What's needed is an exact copy of the lines from the one that contains "Personalized Career Discover" to the end of the data below, leaving the pictures out.

___ Given information ___

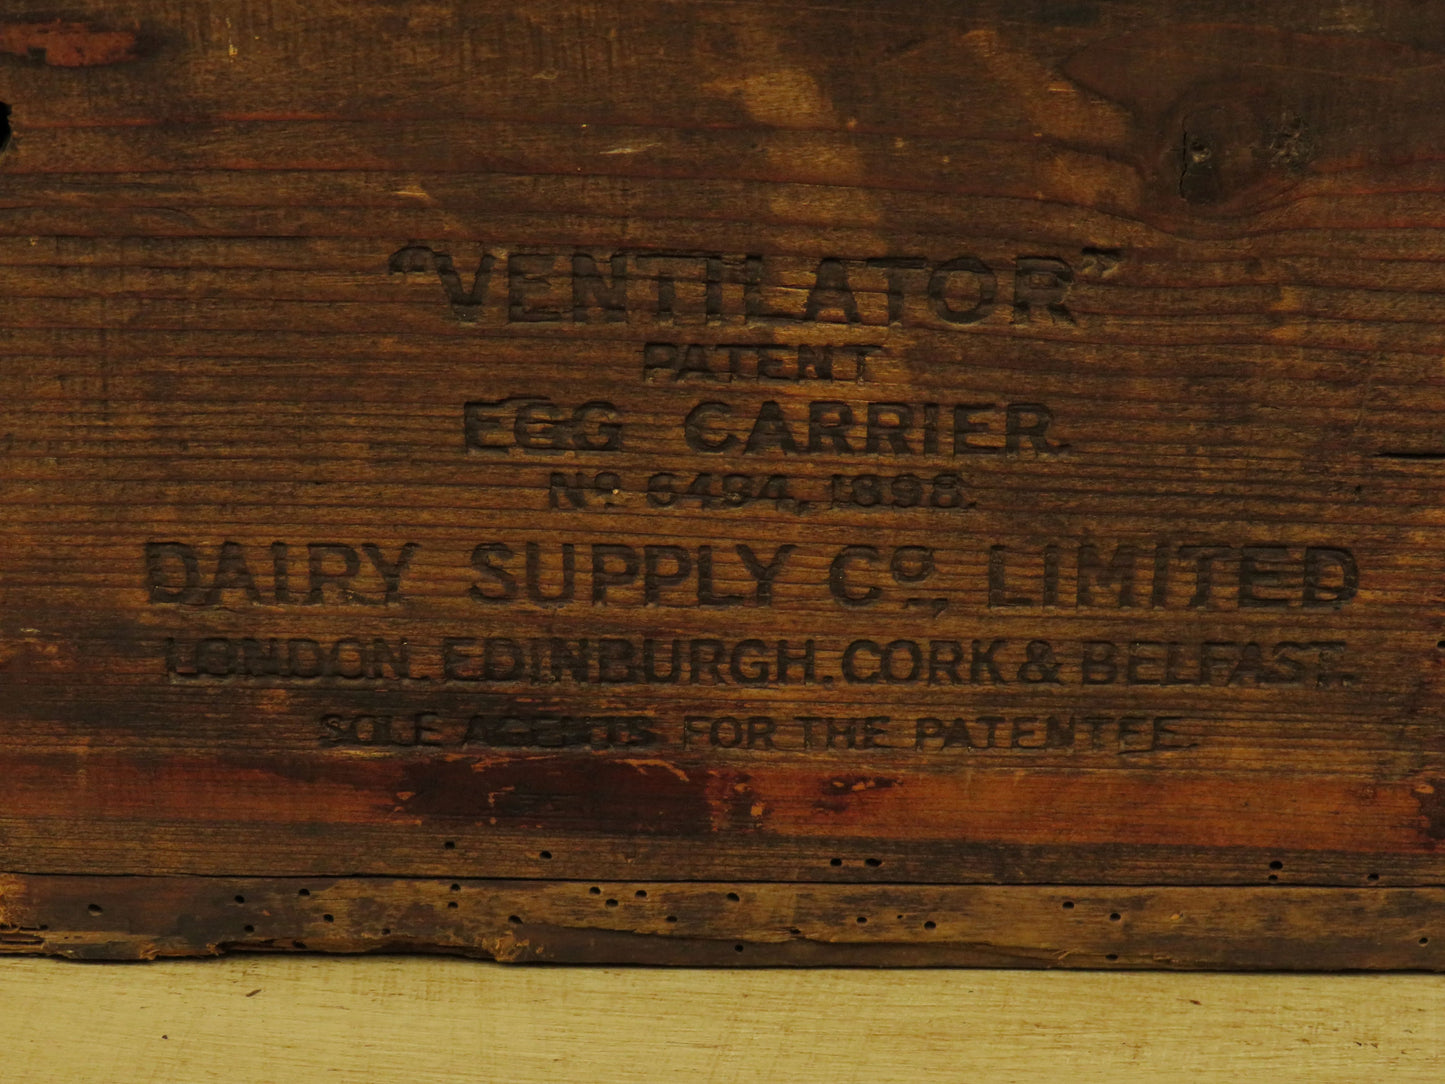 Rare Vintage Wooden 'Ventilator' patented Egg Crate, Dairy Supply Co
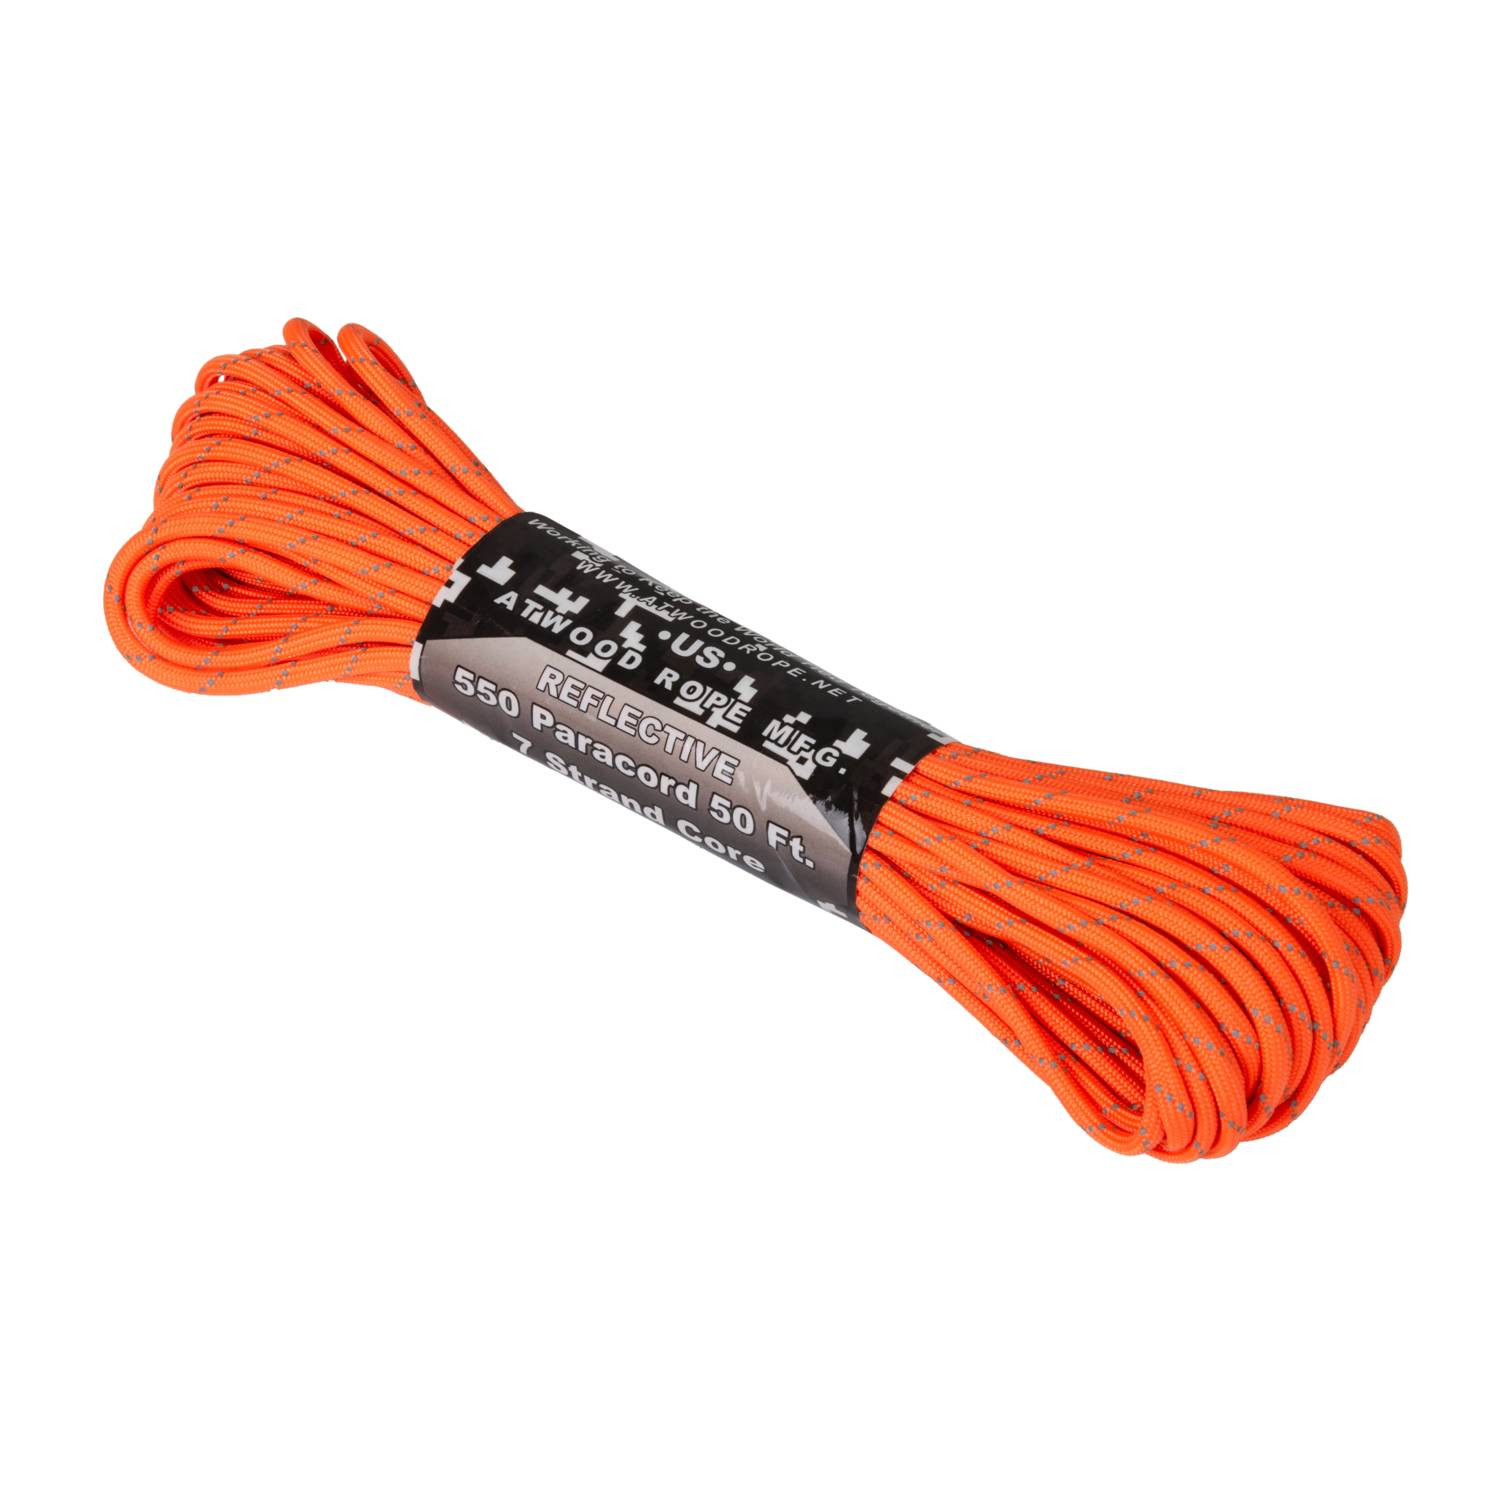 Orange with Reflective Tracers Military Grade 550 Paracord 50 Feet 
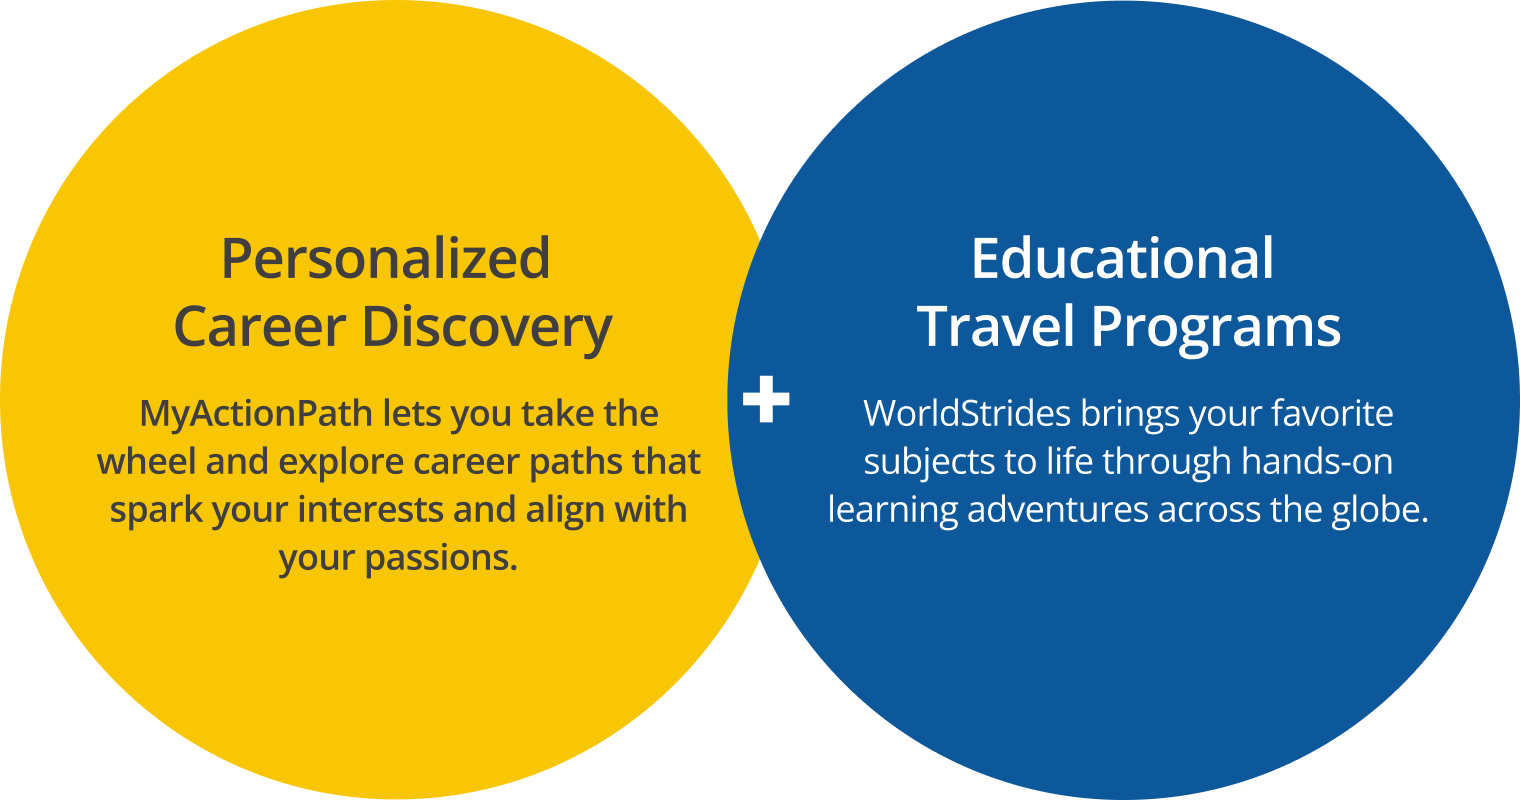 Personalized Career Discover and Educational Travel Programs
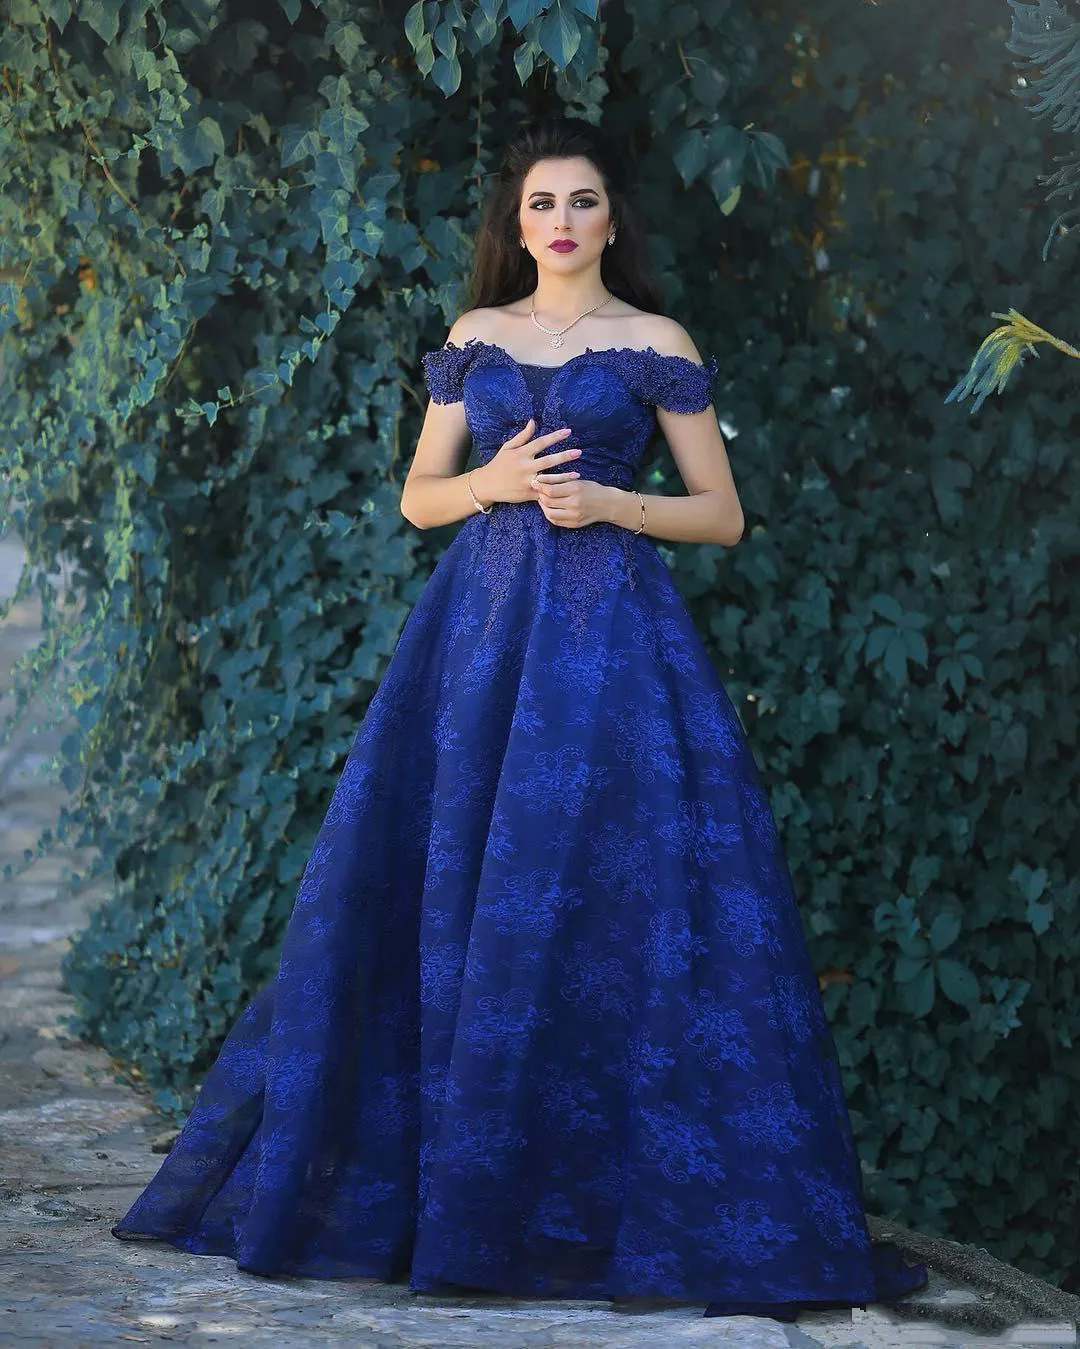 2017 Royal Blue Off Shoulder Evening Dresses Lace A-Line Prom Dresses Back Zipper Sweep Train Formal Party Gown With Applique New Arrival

___

Exercise output:
 Personalized Career Discover and Educational Travel Programs
 2017 Royal Blue Off Shoulder Evening Dresses Lace A-Line Prom Dresses Back Zipper Sweep Train Formal Party Gown With Applique New Arrival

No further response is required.